Now you can make informed decisions about what information to protect and what form of protection is appropriate. Typically this means restricting PII access to only those employees who have a need to see it using technologies such as encryption and authentication. In other words, to see sensitive customer information, employees must identify themselves with unique credentials like user name and password, and preferably a second factor such as a token or one-time pass code. The time to train employees on the ethical and legal issues surrounding data is before issuing these credentials. After all, the consequences of mishandling sensitive information are never good and can be very costly. Every breached entity is held accountable in four “courts”: law, press, public opinion, and customer loyalty.

What security issues might my business need to address in planning to migrate our business to the cloud?

Turning to the cloud for IT services can be economically appealing but definitely involves a variety of risks that vary according to the type of cloud. If you use a public cloud approach then some or all of your company data and applications will be in a shared environment, potentially at risk from bad guys attacking that cloud or from the actions of others sharing that environment. You also face potential risks from the actions of the cloud provider itself such as failing to provide sufficient redundancy to cope with weather related outages.

Public cloud providers do make security assurances but those are unlikely to be backed by a Service Level Agreement (SLA). A set of tests run by BAE Systems last year found that several public clouds failed to notice malicious traffic, whether it was inbound or outbound.
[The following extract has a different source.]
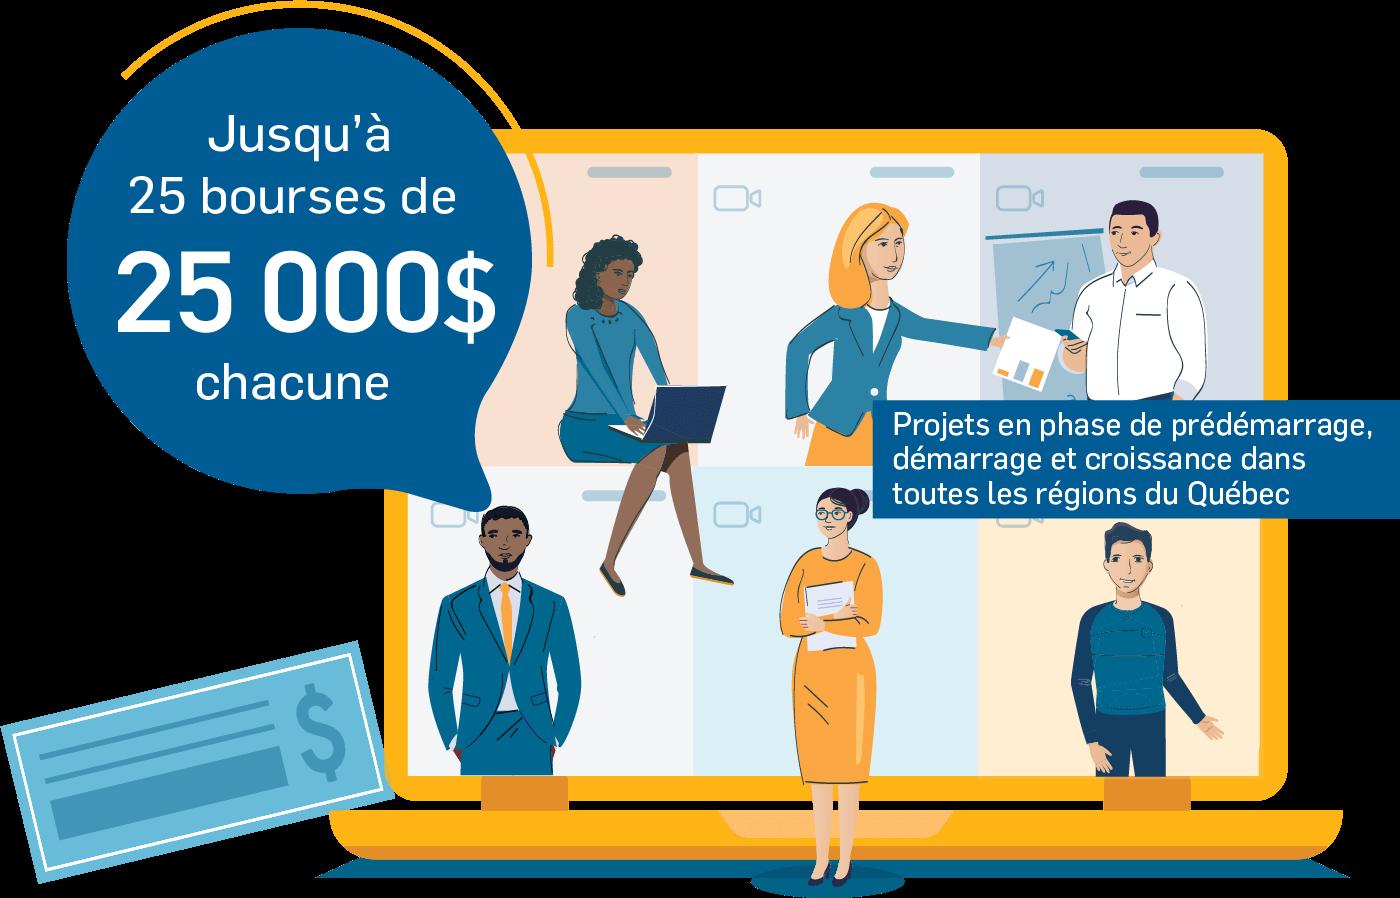 Jusqu'à 25 bourses de 25 000$ chacune. Projets en phase de prédémarrage, démarrage et croissance dans toutes les régions du Québec.
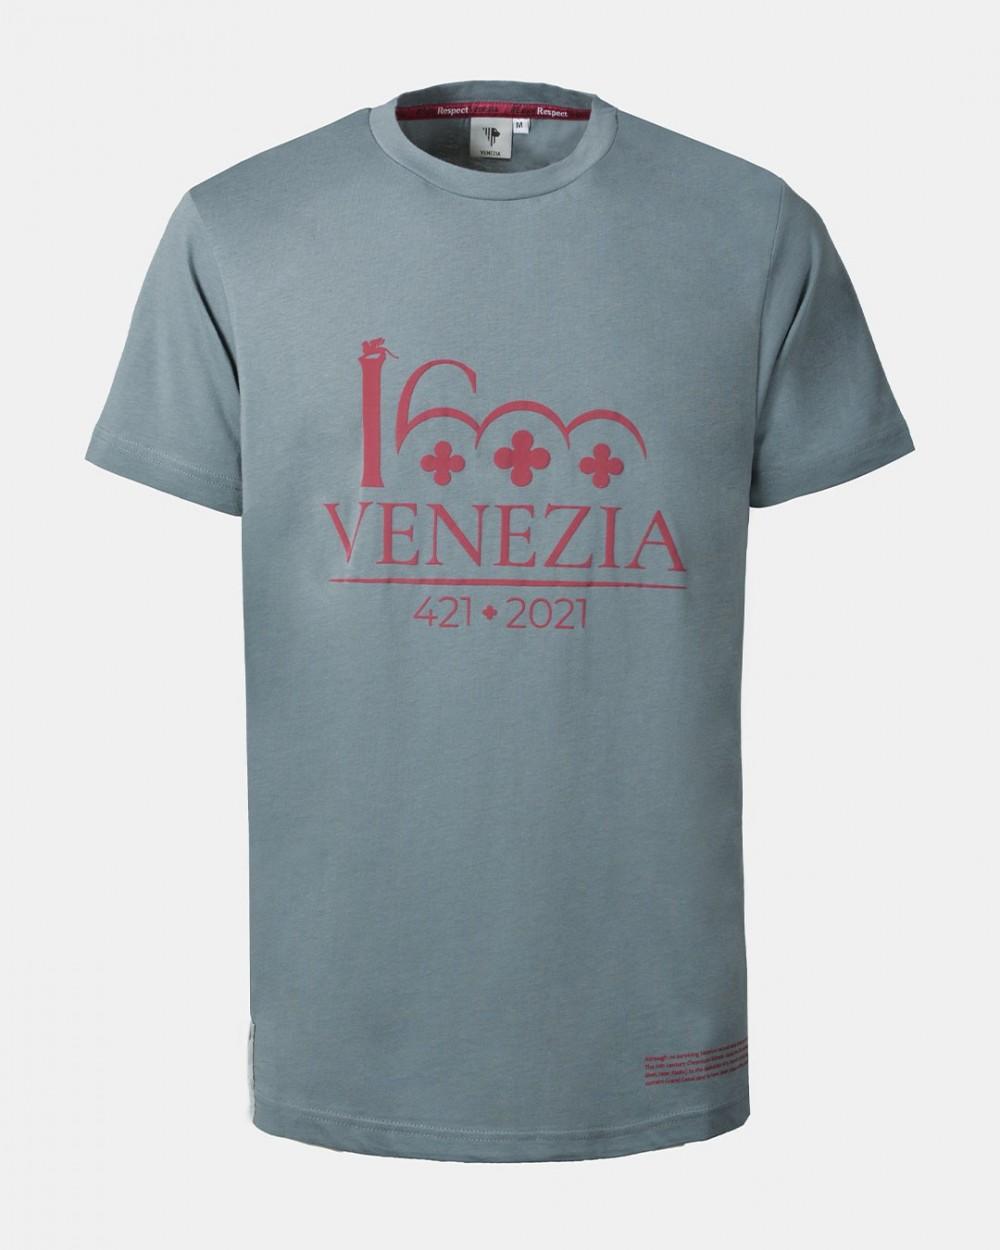 Dark red t-shirt dark red Venezia 1600 logotype front

A private cloud removes some of the concerns of a public cloud but you still need to perform due diligence, asking prospective providers about their security measures, including firewalling, intrusion prevention measures, malware scanning, authentication requirements (should be multi-factor), redundancy, backup, and site security.

Employees are going to download files in their day to day activities of their jobs. How can I ensure that I’m not putting our business’s core data at risk with hidden virus and malware running rampant these days?

A well-designed IT system will provide multiple layers of defense against malicious and unwanted file downloads. You can configure systems to prevent unauthorized downloads, either by type of file or source of file (for example, blocking downloading of unauthorized executable files and blocking surfing to adult sites). You can install antivirus scanning at the file server and email server level, right down to the individual computers or endpoints, including smartphones and tablets. A good antivirus program, properly installed and well-maintained, will block the vast majority of malicious code that is out there in the wild, from viruses and worms to Trojans and time-wasting nuisance apps (sometimes referred to politely as potentially unwanted applications).